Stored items
---*---

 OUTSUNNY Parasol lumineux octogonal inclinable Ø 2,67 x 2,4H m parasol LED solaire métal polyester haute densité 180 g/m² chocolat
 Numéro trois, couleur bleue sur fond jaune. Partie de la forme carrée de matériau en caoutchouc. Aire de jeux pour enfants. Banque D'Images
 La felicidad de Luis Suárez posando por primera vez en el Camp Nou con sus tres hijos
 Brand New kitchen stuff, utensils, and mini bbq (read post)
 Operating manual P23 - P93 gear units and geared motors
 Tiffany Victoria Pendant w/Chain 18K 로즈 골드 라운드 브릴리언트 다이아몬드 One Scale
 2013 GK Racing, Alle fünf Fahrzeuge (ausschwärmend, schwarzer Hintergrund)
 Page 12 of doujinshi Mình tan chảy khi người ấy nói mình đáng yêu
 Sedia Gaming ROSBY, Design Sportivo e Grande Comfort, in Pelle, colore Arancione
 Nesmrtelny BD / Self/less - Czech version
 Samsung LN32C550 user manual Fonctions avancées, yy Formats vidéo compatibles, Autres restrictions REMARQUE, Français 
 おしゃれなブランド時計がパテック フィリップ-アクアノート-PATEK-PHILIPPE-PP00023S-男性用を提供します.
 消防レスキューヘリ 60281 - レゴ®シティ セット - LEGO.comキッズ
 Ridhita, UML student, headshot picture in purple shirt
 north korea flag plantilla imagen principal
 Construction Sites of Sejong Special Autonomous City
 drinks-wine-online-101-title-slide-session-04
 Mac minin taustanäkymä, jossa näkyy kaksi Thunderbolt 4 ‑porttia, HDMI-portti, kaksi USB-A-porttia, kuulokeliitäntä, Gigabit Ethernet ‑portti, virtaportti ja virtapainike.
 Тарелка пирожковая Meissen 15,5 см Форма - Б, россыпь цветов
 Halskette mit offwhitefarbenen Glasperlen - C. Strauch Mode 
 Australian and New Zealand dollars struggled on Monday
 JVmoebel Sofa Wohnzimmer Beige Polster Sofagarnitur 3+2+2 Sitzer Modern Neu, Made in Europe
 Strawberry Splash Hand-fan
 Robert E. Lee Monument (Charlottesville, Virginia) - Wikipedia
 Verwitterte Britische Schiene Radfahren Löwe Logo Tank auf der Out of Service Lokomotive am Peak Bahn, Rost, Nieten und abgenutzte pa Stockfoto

---*---

Respond with the number of lines in the entries that include the string "manual", and nothing besides.

2